Final Results of Review

    We determine that the following dumping margins exist for the 
period April 1, 1993, through March 31, 1994:

------------------------------------------------------------------------
                                                                 Margin 
                    Manufacturer/exporter                      (percent)
------------------------------------------------------------------------
Rancho el Aguaje.............................................      0.00 
Rancho Guacatay..............................................      0.00 
Rancho el Toro...............................................      0.00 
Rancho del Pacifico..........................................      0.00 
Rancho Daisy.................................................     *0.00 
Visaflor.....................................................     *0.00 
Tzitzic Tareta...............................................     39.95 
Rancho Mision el Descanso....................................     39.95 
Rancho Alisitos..............................................     39.95 
Las Flores de Mexico.........................................     39.95 
Mexipel, S.A. de CV..........................................     39.95 
All others...................................................    18.20  
------------------------------------------------------------------------
*No shipments subject to this review. Rate is from the last relevant    
  segment of the proceeding in which the firm had shipments.            

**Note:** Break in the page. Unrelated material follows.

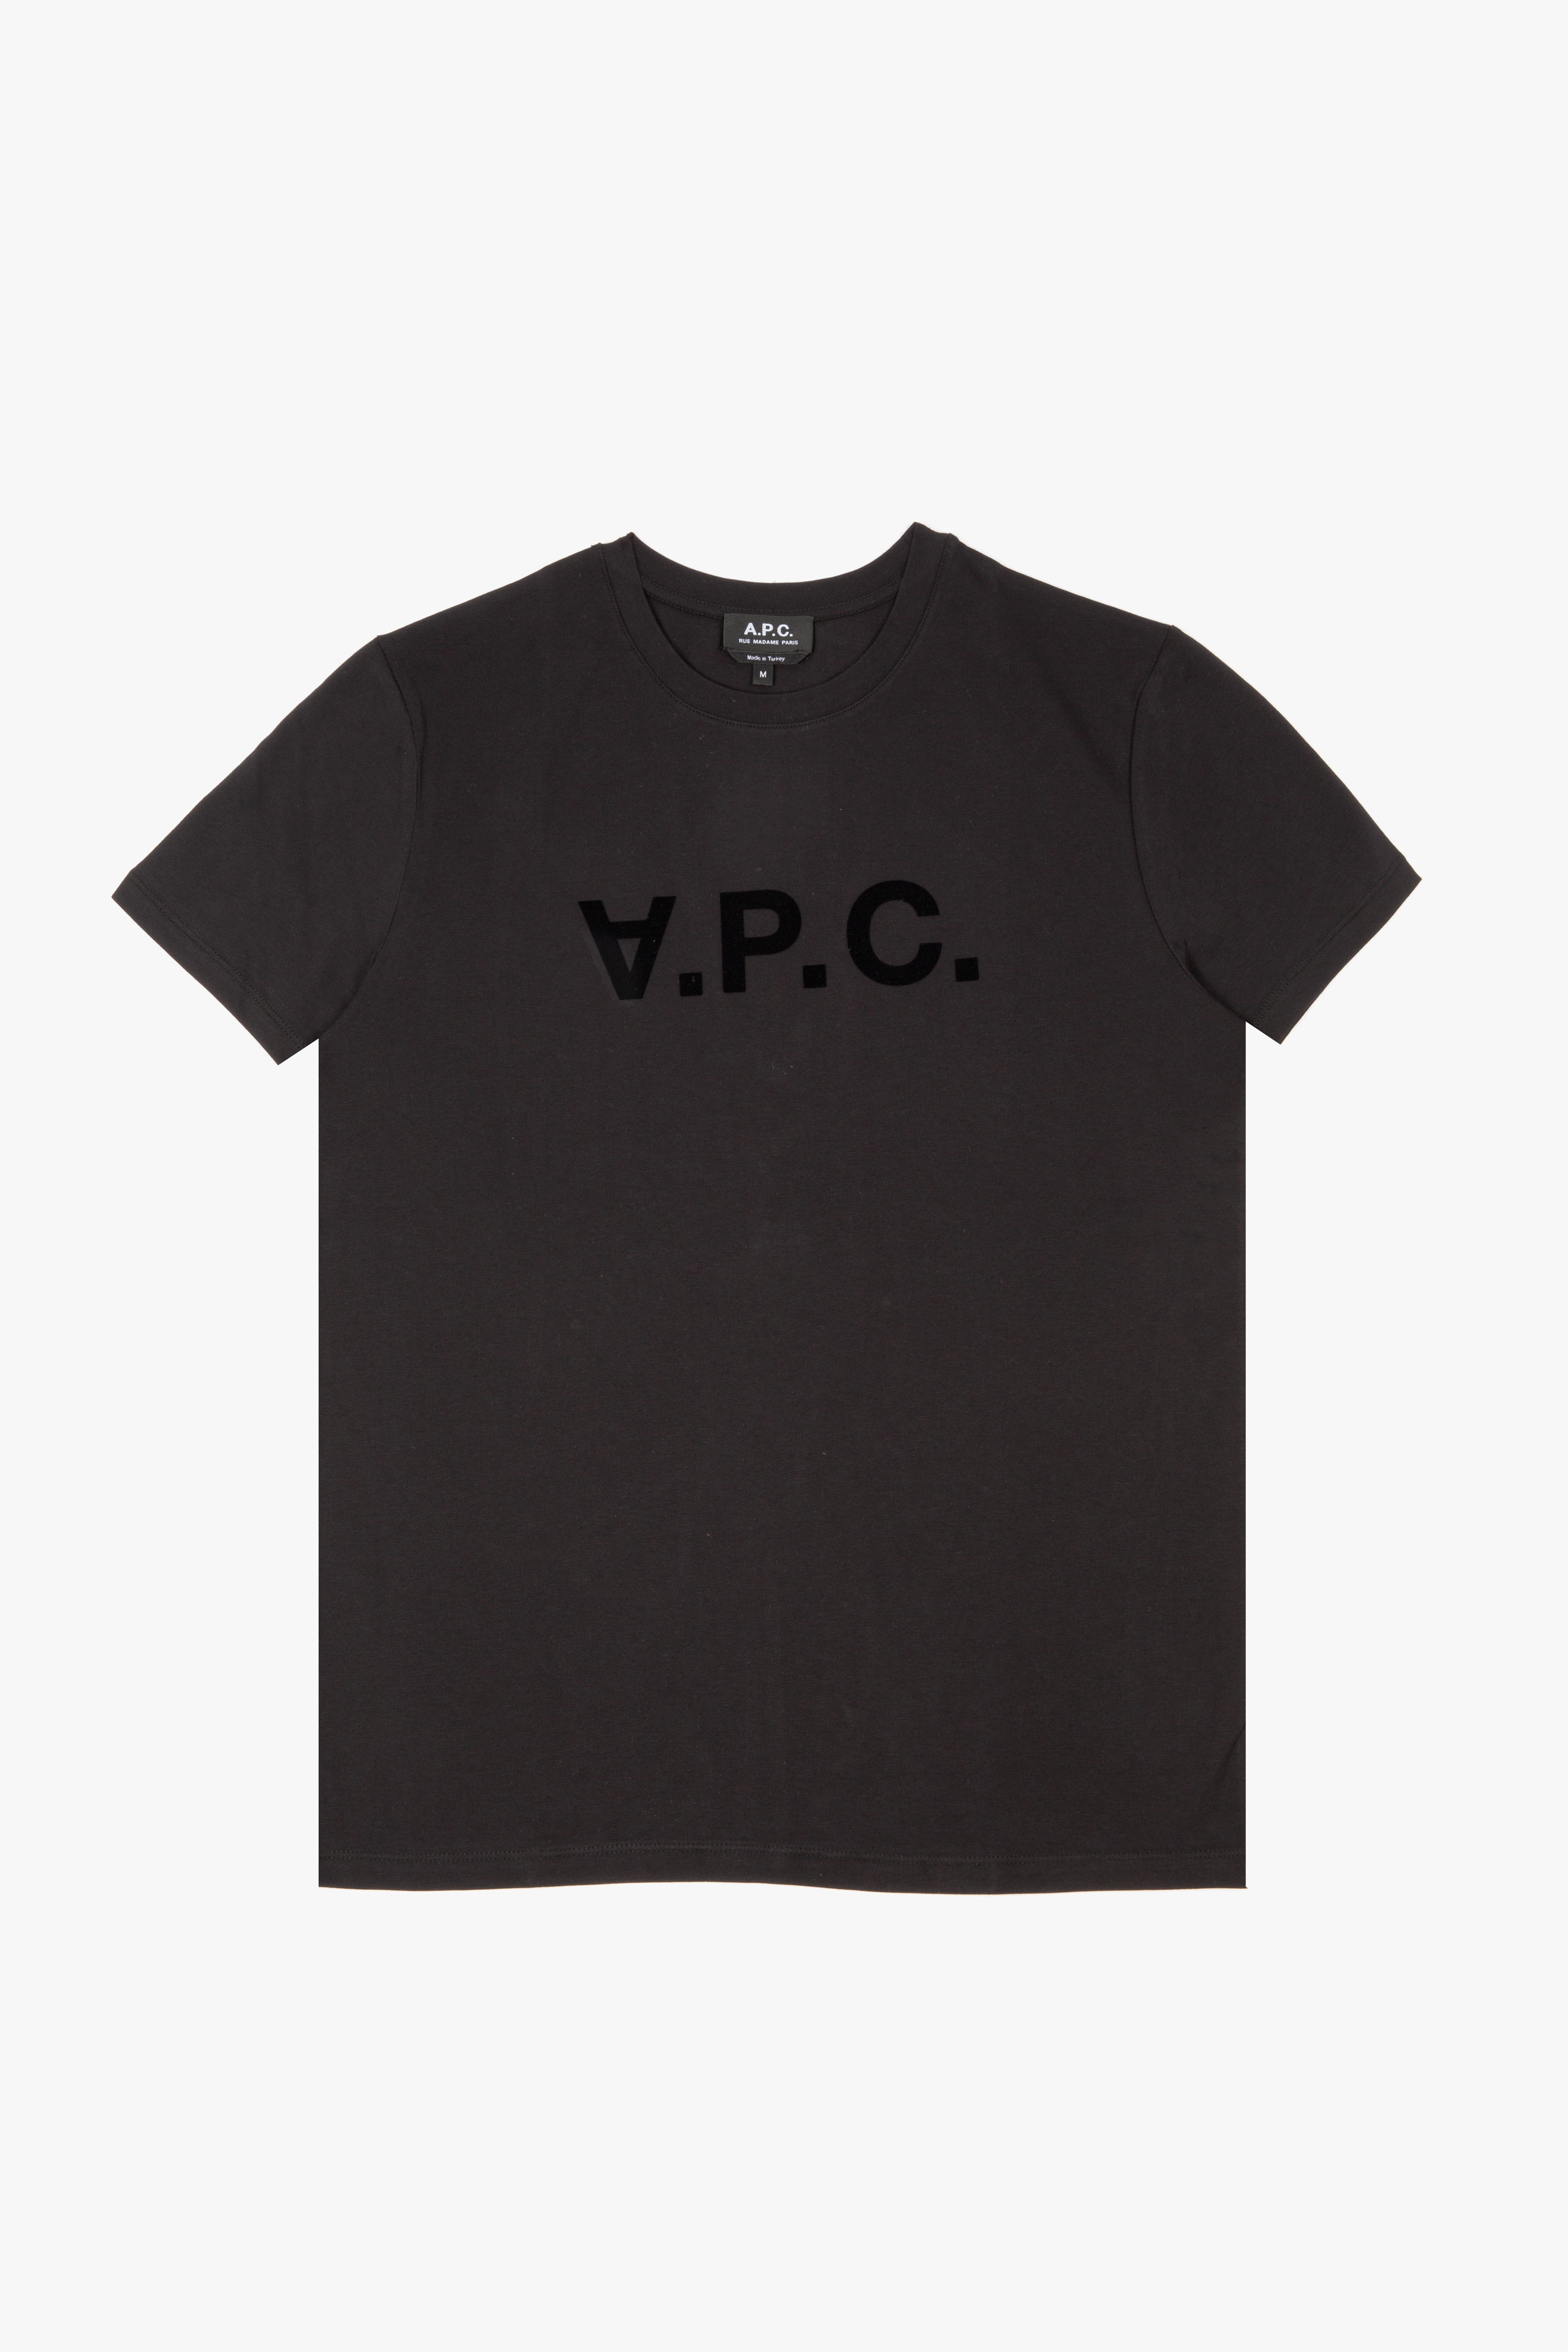 VPC T-Shirt Black

    The following deposit requirements shall be effective for all 
shipments of the subject merchandise that are entered or withdrawn from 
warehouse, for consumption on or after the publication date of these 
final results, as provided by section 751(a)(1) of the Act: (1) the 
cash deposit rates for the reviewed companies shall be the above rates; 
(2) for previously reviewed or investigated companies not listed above, 
the cash deposit rate will continue to be the company-specific rate 
published for the most recent period; (3) if the exporter is not a firm 
covered in this review, a prior review, or the original less-than-fair-
value (LTFV) investigation, but the manufacturer is, the cash deposit 
rate shall be the rate established for the most recent period for the 
manufacturer of the merchandise; and (4) if neither the exporter nor 
the manufacturer is a firm covered in this or any previous review, the 
cash deposit rate will be 18.28 percent, the all others rate 
established in the LTFV investigation. These deposit requirements shall 
remain in effect until publication of the final results of the next 
administrative review.
    This notice serves as a final reminder to importers of their 
responsibility under 19 CFR 353.26 to file a certificate regarding the 
reimbursement of antidumping duties prior to liquidation of the 
relevant entries during this review period. Failure to comply with this 
requirement could result in the Secretary's presumption that 
reimbursement of antidumping duties occurred and the subsequent 
assessment of double antidumping duties.
    This notice also serves as a reminder to parties subject to 
administrative protective order (APO) of their responsibility 
concerning the disposition of proprietary information disclosed under 
APO in accordance with 19 CFR 353.34(d) or 355.34(d). Timely written 
notification of return/destruction of APO materials or conversion to 
judicial protective order is hereby requested. Failure to comply with 
the regulations and the terms of an APO is a sanctionable violation.
    This administrative review and notice are in accordance with 
section 751(a)(1) of the Act (19 U.S.C. 1675(a)(1)) and section 353.22 
of the Department's regulations.

    Dated: July 29, 1996.
Robert S. LaRussa,
Acting Assistant Secretary for Import Administration.